Several outstanding questions are crucial to address to understand whether prior infection confers protection upon subsequent reinfection and for informed development of vaccines. First, determining whether a neutralizing antibody and/or SARS-CoV-2-specific T cell response is sufficient to prevent clinical disease and transmission is critical. If so, it will also be important to determine the magnitude of the responses required to provide protection in order to inform both social measures and vaccine strategies that can limit spread. Second, it will be essential to perform longitudinal studies to establish the longevity of these protective adaptive immune responses following natural infection or vaccination.
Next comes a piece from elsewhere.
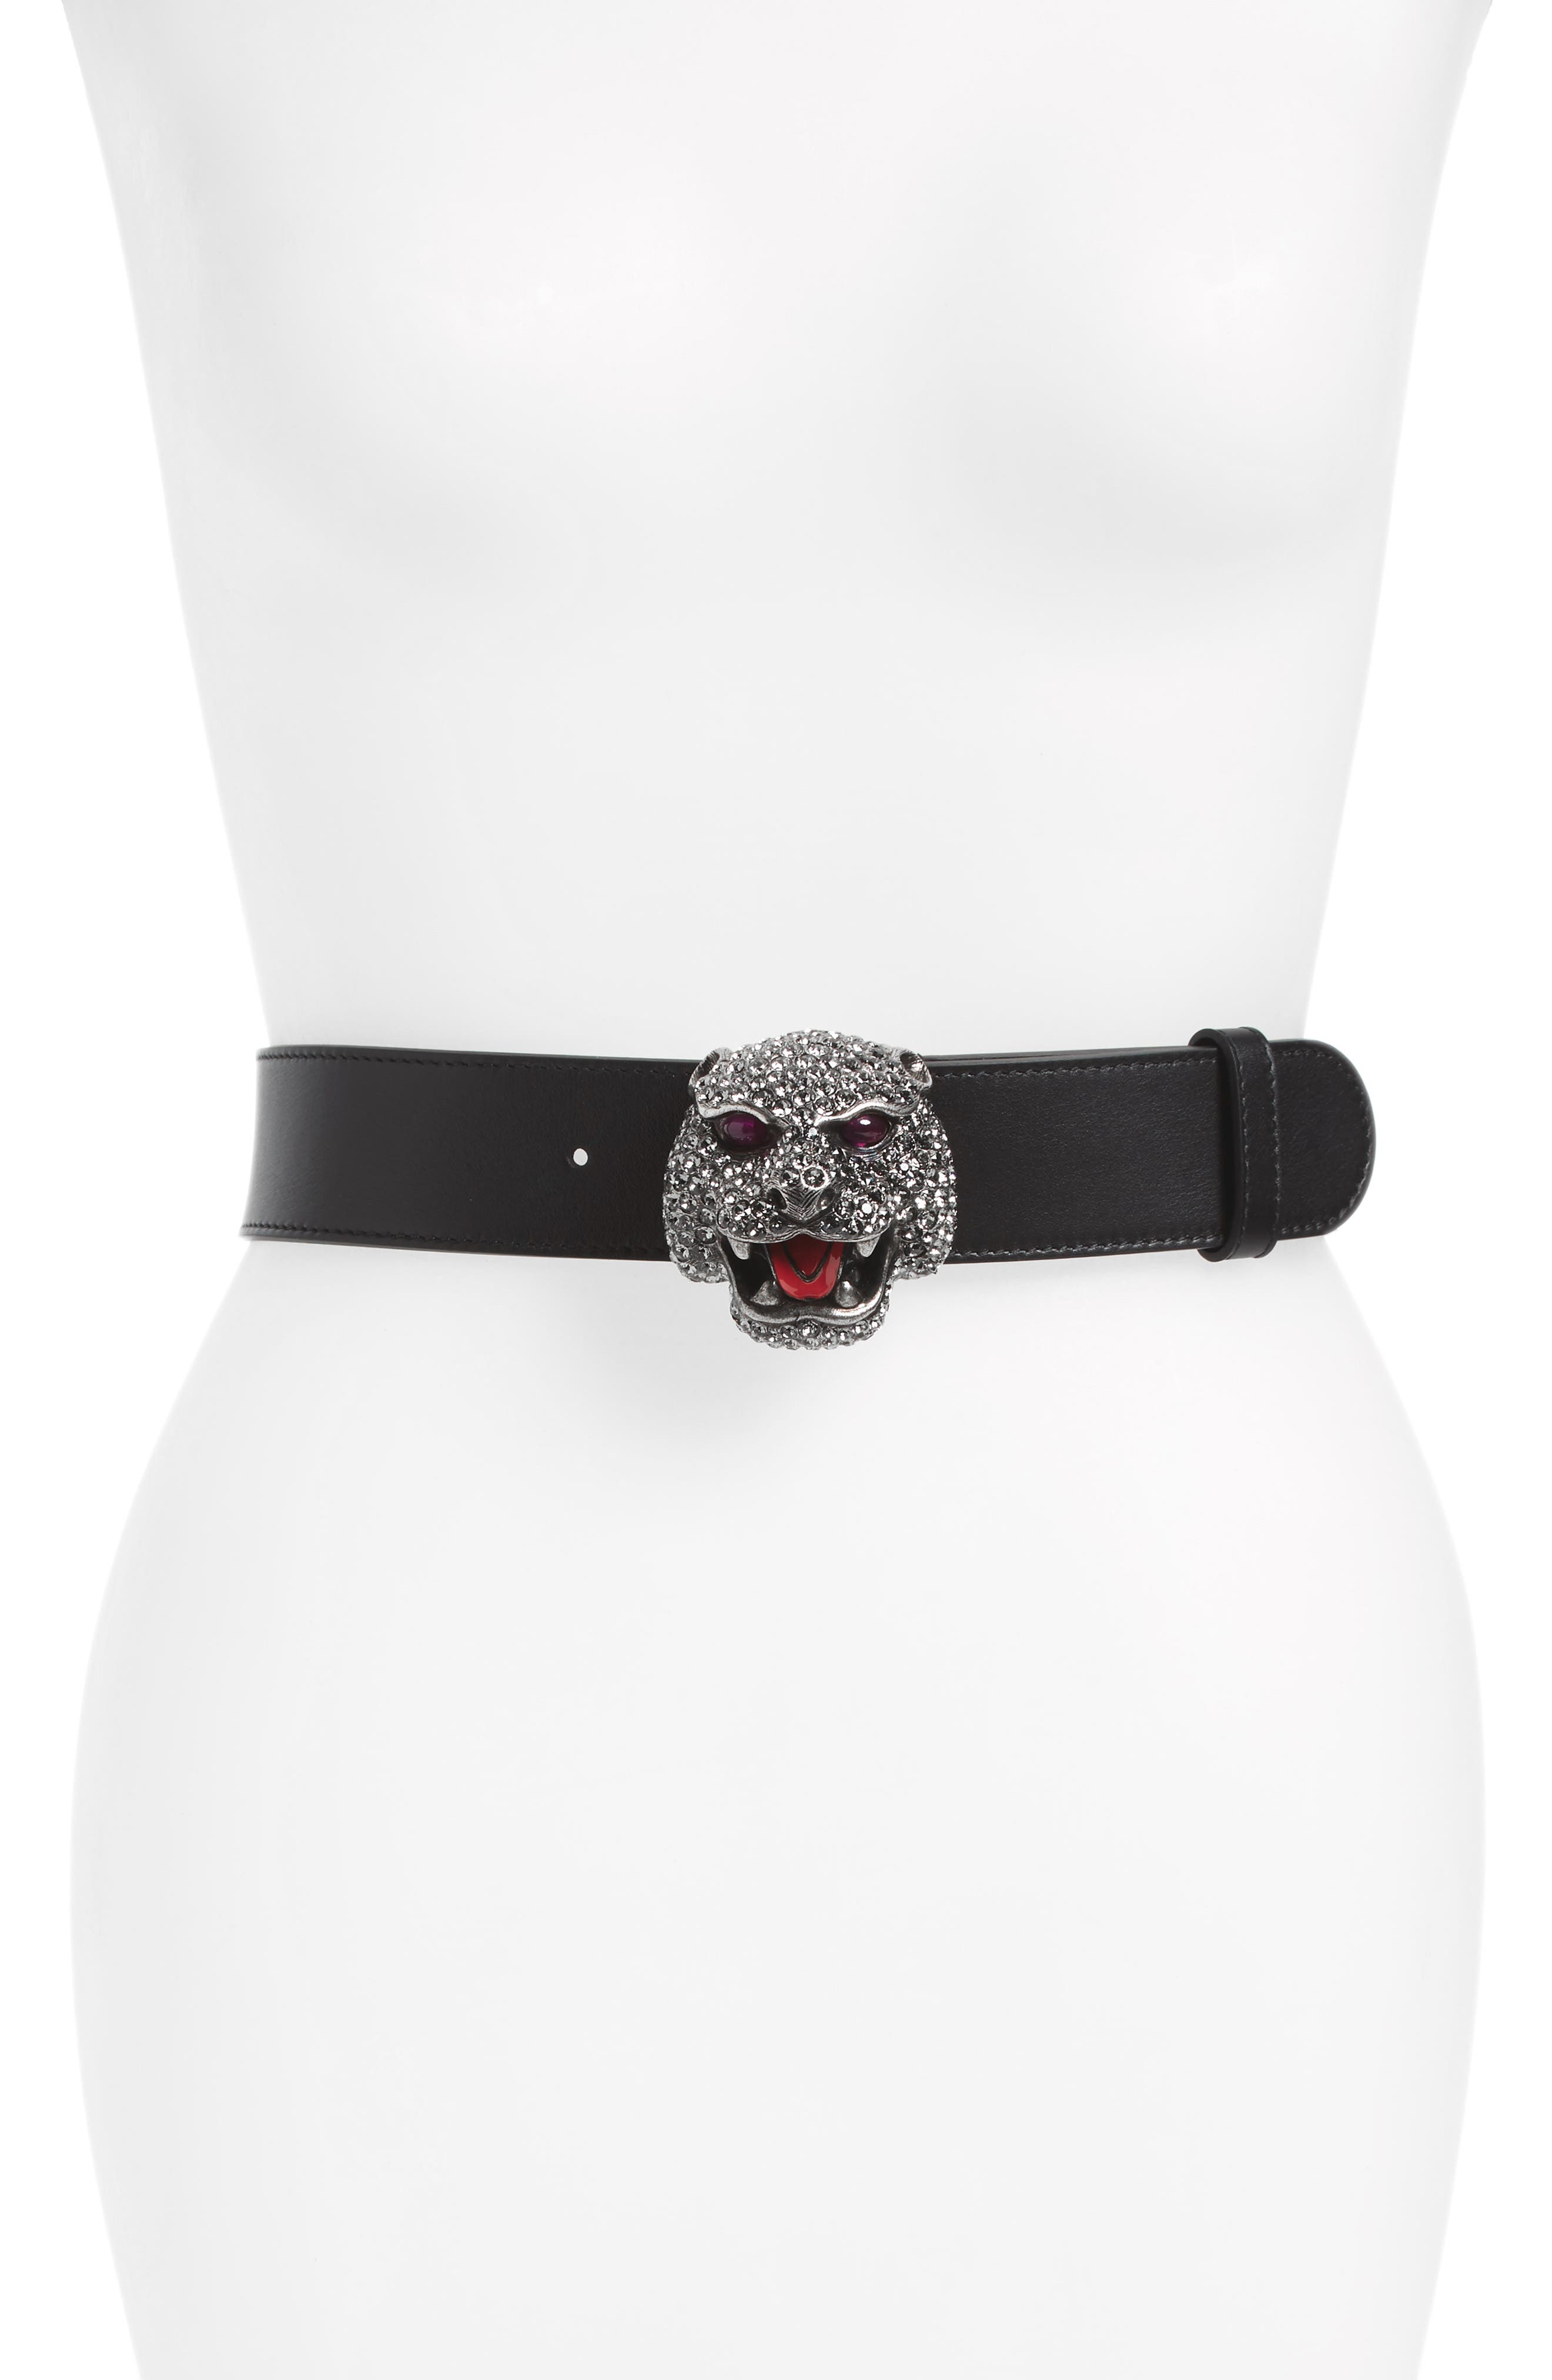 Main Image - Gucci Tiger Buckle Calfskin Leather Belt

Proper and detailed longitudinal studies will require substantial investment of resources by governments, industry sources, non-governmental agencies, and others. Third, identifying factors that contribute to the dysregulated immune response and immunopathology in patients with severe disease could inform early therapeutic options to limit disease severity. A critical part of these endeavors will require identification of biomarkers that identify patients predisposed to severe disease so that they can be managed aggressively to prevent poor outcomes. Finally, it will be essential, as vaccines are introduced into widespread use, to not only assess efficacy against severe disease and ability to minimize transmission but also identify vaccine-enhanced disease so that vaccination is safe and widely accepted by the public.